Sizzling Canton Steak (Canton Restaurant Miami)

Pamela Rappaport


We used to live in South FL and we loved the Canton Steak at Canton Restaurant in Coral Gables. That and the Honey Garlic Chicken! (still haven't got that one right) After we moved away I could never find it at local restaurants so I started experimenting, searching for recipes, etc. This is the version we like. It's not exactly the same but close! Don't let the ingredient list scare you away, it's pretty much just assembling everything and isn't complicated. The snow peas and bell pepper in the veggie mix aren't traditional, but we like them. Reminds me of Miami!

Blue Ribbon Recipe

Oh my, this sauce is amazing! It will make any meat or vegetable taste delicious. The flavors work so well together, I'm not sure which was my favorite. Sweet, salty and tangy, I want to keep a bottle prepared in my fridge. Don't let the list of ingredients scare you... it's very easy to prepare. When presented, this is a very impressive dinner. The Test Kitchen


★★★★★ 1 vote

30 Min
30 Min


  • 1 1/2 to 2 lb
    steak; you need a nice thick cut, I use NY strip about 2 to 2 1/2 inch thick, a thick porterhouse or t-bone works too

  • 2 Tbsp
    each bell pepper, carrot, onion, celery, finely minced
  • 1 clove
    garlic, minced
  • 2 tsp
    fresh ground black pepper
  • 3 Tbsp
    soy sauce
  • 3 Tbsp
    cooking sherry, don't get fancy here, use the inexpensive stuff from the grocery
  • 3 Tbsp
    Worcestershire sauce
  • 2 Tbsp
  • 2 Tbsp
    oyster sauce
  • 2 Tbsp
  • 2 Tbsp
    lemon juice
  • 1 1/2 c
    no salt beef stock (I use the box stuff)
  • 2 tsp
    corn starch dissolved in 2 tbsp water

  • 1/2 c
    thin sliced onion
  • 1 c
    celery sliced on an angle
  • 1/2 c
    sliced green bell pepper
  • 1
    whole napa cabbage, very roughly chopped, I slice through it 4 or 5 times and that's it
  • 1 c
    snow peas

How to Make Sizzling Canton Steak (Canton Restaurant Miami)

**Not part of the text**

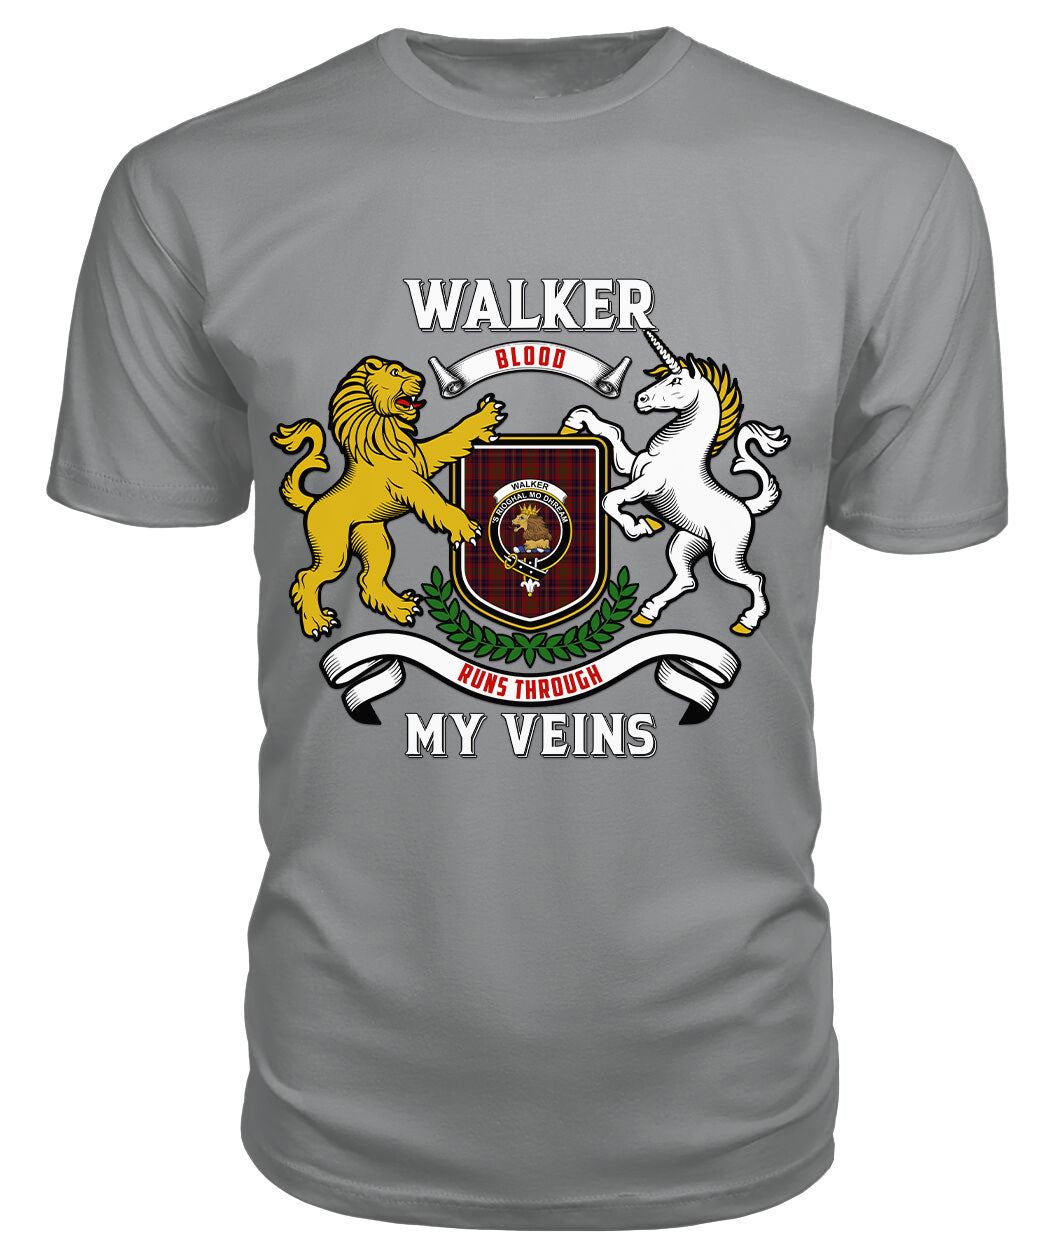 Walker Tartan Crest 2D T-shirt - Blood Runs Through My Veins Style
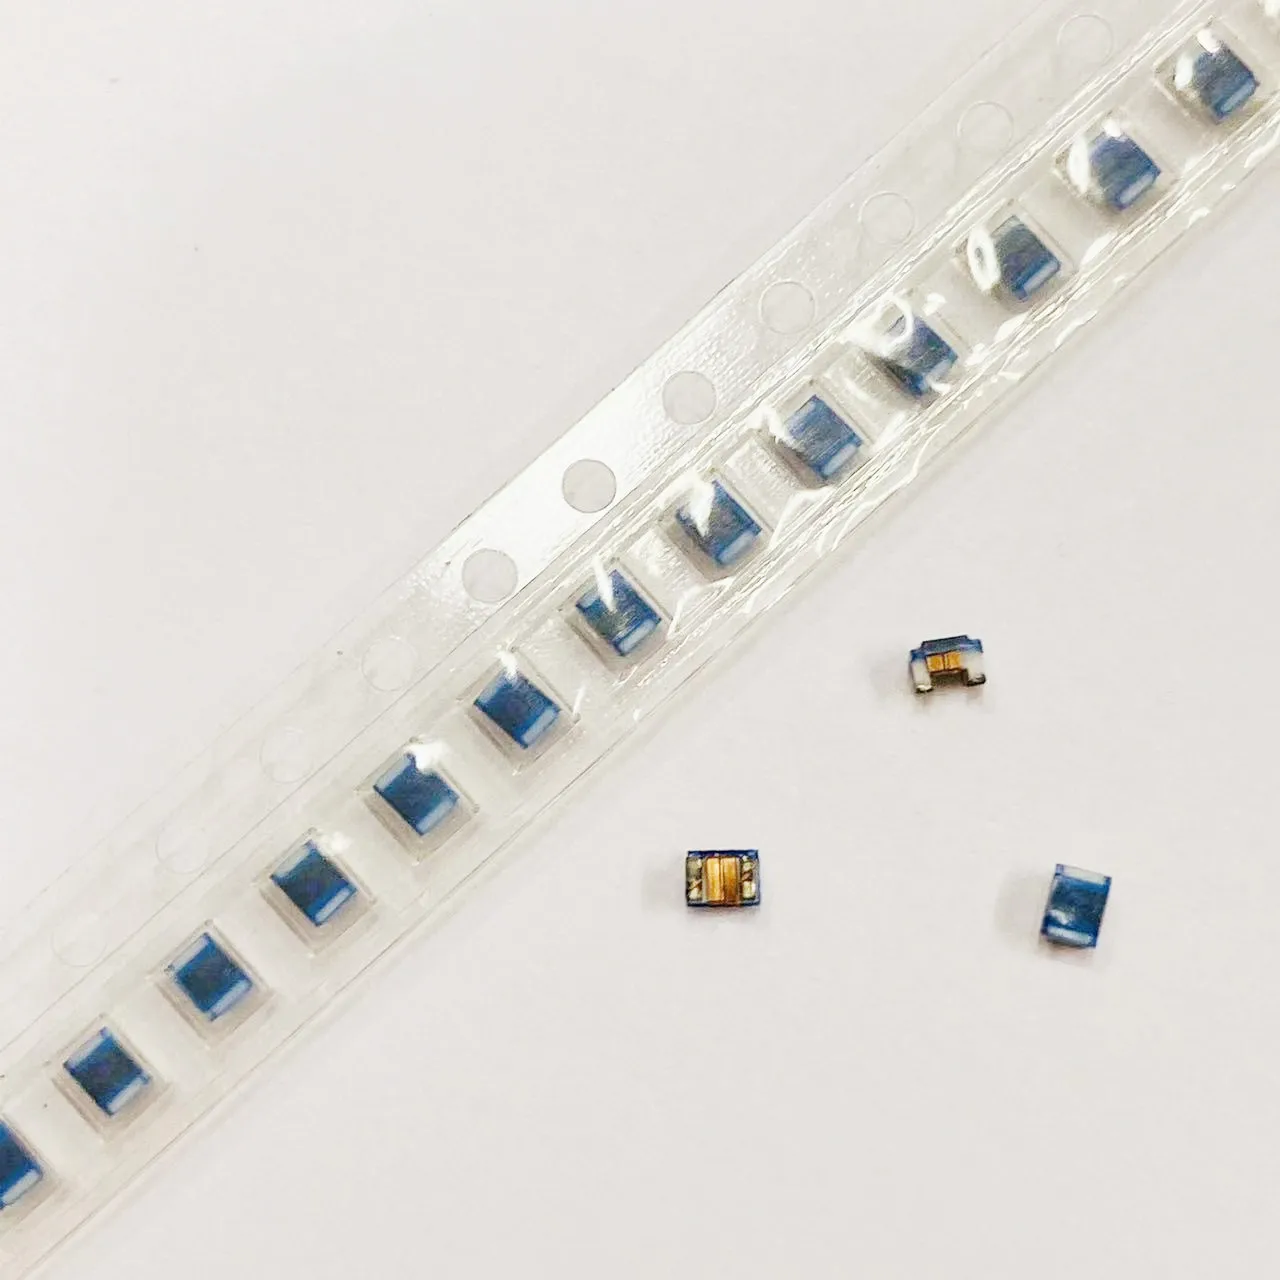 

100 шт. новые оригинальные проволочные чиповые индукторы 0805 47nH 2012 47nH 500mA 0805CS-470XJEC

  1. To make the sauce: In frying pan add 1 tbsp oil and minced veggies. Saute until browned.
  2. Add rest of ingredients except corn starch. Simmer for 20 minutes. Thicken with corn starch and adjust salt. The veggies will thin it when poured over so make it thicker than you think necessary. Keep warm.
  3. Blanch veggies in 3 c water, 1 tsp oil and salt until al dente; drain. Should only take a couple of minutes. Start this when you put the steak on the grill. Drain well.
  4. Preheat your grill, gas or coals. You want it HOT so you can sear the steak.
  5. Either place a cast iron skillet on the hot grill, or put in a preheated oven, or preheat on top of the stove at the last minute. You want it screaming hot.
  6. Put steak on grill to cook. We cook it to about 125 for med rare, it will continue to cook on the skillet.
  7. When the steak is to your liking, place veggies on the preheated iron skillet, put the steak on top, and pour the sauce over everything.
  8. IF YOU HAVE LEFTOVERS - this makes heavenly beef lo mein. Slice the steak, cook thin spaghetti, toss it all together and heat through. Yum.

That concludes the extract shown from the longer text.